Every entry in the listing below has to be transcribed exactly.

# MATERIAL FOR THE TASK:
++++++++

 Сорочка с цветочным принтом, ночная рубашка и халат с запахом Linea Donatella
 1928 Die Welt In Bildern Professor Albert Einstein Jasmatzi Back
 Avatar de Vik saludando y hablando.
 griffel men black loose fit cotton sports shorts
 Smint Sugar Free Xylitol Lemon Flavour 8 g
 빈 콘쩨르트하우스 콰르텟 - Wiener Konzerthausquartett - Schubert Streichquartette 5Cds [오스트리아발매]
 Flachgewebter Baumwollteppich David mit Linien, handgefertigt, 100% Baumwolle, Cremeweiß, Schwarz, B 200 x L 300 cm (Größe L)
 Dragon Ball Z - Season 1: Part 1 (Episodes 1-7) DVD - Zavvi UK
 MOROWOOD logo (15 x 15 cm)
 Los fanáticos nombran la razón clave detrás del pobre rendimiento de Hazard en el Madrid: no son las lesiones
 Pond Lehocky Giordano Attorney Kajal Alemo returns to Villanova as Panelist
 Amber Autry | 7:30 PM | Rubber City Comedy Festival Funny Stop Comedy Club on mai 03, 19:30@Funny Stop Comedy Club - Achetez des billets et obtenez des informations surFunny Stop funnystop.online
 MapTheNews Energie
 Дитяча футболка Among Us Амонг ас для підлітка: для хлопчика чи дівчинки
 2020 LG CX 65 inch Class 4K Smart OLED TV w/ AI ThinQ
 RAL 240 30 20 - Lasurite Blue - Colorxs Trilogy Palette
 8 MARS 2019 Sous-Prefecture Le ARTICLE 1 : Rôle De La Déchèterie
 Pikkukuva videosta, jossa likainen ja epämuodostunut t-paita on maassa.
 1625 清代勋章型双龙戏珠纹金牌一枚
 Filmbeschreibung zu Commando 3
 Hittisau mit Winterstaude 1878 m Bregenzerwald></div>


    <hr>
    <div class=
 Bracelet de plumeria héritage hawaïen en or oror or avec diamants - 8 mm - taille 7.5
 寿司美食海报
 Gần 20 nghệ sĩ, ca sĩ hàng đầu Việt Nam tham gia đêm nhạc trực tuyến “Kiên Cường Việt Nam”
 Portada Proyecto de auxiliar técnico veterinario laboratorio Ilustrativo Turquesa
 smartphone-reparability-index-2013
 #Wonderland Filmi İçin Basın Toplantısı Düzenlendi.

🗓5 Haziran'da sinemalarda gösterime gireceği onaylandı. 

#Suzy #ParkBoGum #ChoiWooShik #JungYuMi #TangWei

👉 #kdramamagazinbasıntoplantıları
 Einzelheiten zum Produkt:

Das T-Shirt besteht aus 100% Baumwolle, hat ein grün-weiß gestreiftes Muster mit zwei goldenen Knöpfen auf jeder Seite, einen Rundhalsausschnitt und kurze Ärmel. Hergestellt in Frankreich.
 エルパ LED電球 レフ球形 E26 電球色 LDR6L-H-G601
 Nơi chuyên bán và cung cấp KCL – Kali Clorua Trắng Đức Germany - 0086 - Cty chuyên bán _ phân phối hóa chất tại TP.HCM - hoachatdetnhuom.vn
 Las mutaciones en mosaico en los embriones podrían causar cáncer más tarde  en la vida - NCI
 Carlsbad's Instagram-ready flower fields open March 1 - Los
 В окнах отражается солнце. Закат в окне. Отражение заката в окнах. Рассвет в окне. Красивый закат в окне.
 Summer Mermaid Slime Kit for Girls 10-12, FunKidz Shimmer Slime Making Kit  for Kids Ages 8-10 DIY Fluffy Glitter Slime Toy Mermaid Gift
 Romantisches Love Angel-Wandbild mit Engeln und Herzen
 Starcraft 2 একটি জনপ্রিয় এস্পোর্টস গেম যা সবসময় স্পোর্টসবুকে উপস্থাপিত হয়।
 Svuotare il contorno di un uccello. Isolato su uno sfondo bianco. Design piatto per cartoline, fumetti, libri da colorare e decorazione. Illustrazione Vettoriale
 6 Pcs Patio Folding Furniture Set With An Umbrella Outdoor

++++++++

# RESPONSE:
 Сорочка с цветочным принтом, ночная рубашка и халат с запахом Linea Donatella
 1928 Die Welt In Bildern Professor Albert Einstein Jasmatzi Back
 Avatar de Vik saludando y hablando.
 griffel men black loose fit cotton sports shorts
 Smint Sugar Free Xylitol Lemon Flavour 8 g
 빈 콘쩨르트하우스 콰르텟 - Wiener Konzerthausquartett - Schubert Streichquartette 5Cds [오스트리아발매]
 Flachgewebter Baumwollteppich David mit Linien, handgefertigt, 100% Baumwolle, Cremeweiß, Schwarz, B 200 x L 300 cm (Größe L)
 Dragon Ball Z - Season 1: Part 1 (Episodes 1-7) DVD - Zavvi UK
 MOROWOOD logo (15 x 15 cm)
 Los fanáticos nombran la razón clave detrás del pobre rendimiento de Hazard en el Madrid: no son las lesiones
 Pond Lehocky Giordano Attorney Kajal Alemo returns to Villanova as Panelist
 Amber Autry | 7:30 PM | Rubber City Comedy Festival Funny Stop Comedy Club on mai 03, 19:30@Funny Stop Comedy Club - Achetez des billets et obtenez des informations surFunny Stop funnystop.online
 MapTheNews Energie
 Дитяча футболка Among Us Амонг ас для підлітка: для хлопчика чи дівчинки
 2020 LG CX 65 inch Class 4K Smart OLED TV w/ AI ThinQ
 RAL 240 30 20 - Lasurite Blue - Colorxs Trilogy Palette
 8 MARS 2019 Sous-Prefecture Le ARTICLE 1 : Rôle De La Déchèterie
 Pikkukuva videosta, jossa likainen ja epämuodostunut t-paita on maassa.
 1625 清代勋章型双龙戏珠纹金牌一枚
 Filmbeschreibung zu Commando 3
 Hittisau mit Winterstaude 1878 m Bregenzerwald></div>


    <hr>
    <div class=
 Bracelet de plumeria héritage hawaïen en or oror or avec diamants - 8 mm - taille 7.5
 寿司美食海报
 Gần 20 nghệ sĩ, ca sĩ hàng đầu Việt Nam tham gia đêm nhạc trực tuyến “Kiên Cường Việt Nam”
 Portada Proyecto de auxiliar técnico veterinario laboratorio Ilustrativo Turquesa
 smartphone-reparability-index-2013
 #Wonderland Filmi İçin Basın Toplantısı Düzenlendi.

🗓5 Haziran'da sinemalarda gösterime gireceği onaylandı. 

#Suzy #ParkBoGum #ChoiWooShik #JungYuMi #TangWei

👉 #kdramamagazinbasıntoplantıları
 Einzelheiten zum Produkt:

Das T-Shirt besteht aus 100% Baumwolle, hat ein grün-weiß gestreiftes Muster mit zwei goldenen Knöpfen auf jeder Seite, einen Rundhalsausschnitt und kurze Ärmel. Hergestellt in Frankreich.
 エルパ LED電球 レフ球形 E26 電球色 LDR6L-H-G601
 Nơi chuyên bán và cung cấp KCL – Kali Clorua Trắng Đức Germany - 0086 - Cty chuyên bán _ phân phối hóa chất tại TP.HCM - hoachatdetnhuom.vn
 Las mutaciones en mosaico en los embriones podrían causar cáncer más tarde  en la vida - NCI
 Carlsbad's Instagram-ready flower fields open March 1 - Los
 В окнах отражается солнце. Закат в окне. Отражение заката в окнах. Рассвет в окне. Красивый закат в окне.
 Summer Mermaid Slime Kit for Girls 10-12, FunKidz Shimmer Slime Making Kit  for Kids Ages 8-10 DIY Fluffy Glitter Slime Toy Mermaid Gift
 Romantisches Love Angel-Wandbild mit Engeln und Herzen
 Starcraft 2 একটি জনপ্রিয় এস্পোর্টস গেম যা সবসময় স্পোর্টসবুকে উপস্থাপিত হয়।
 Svuotare il contorno di un uccello. Isolato su uno sfondo bianco. Design piatto per cartoline, fumetti, libri da colorare e decorazione. Illustrazione Vettoriale
 6 Pcs Patio Folding Furniture Set With An Umbrella Outdoor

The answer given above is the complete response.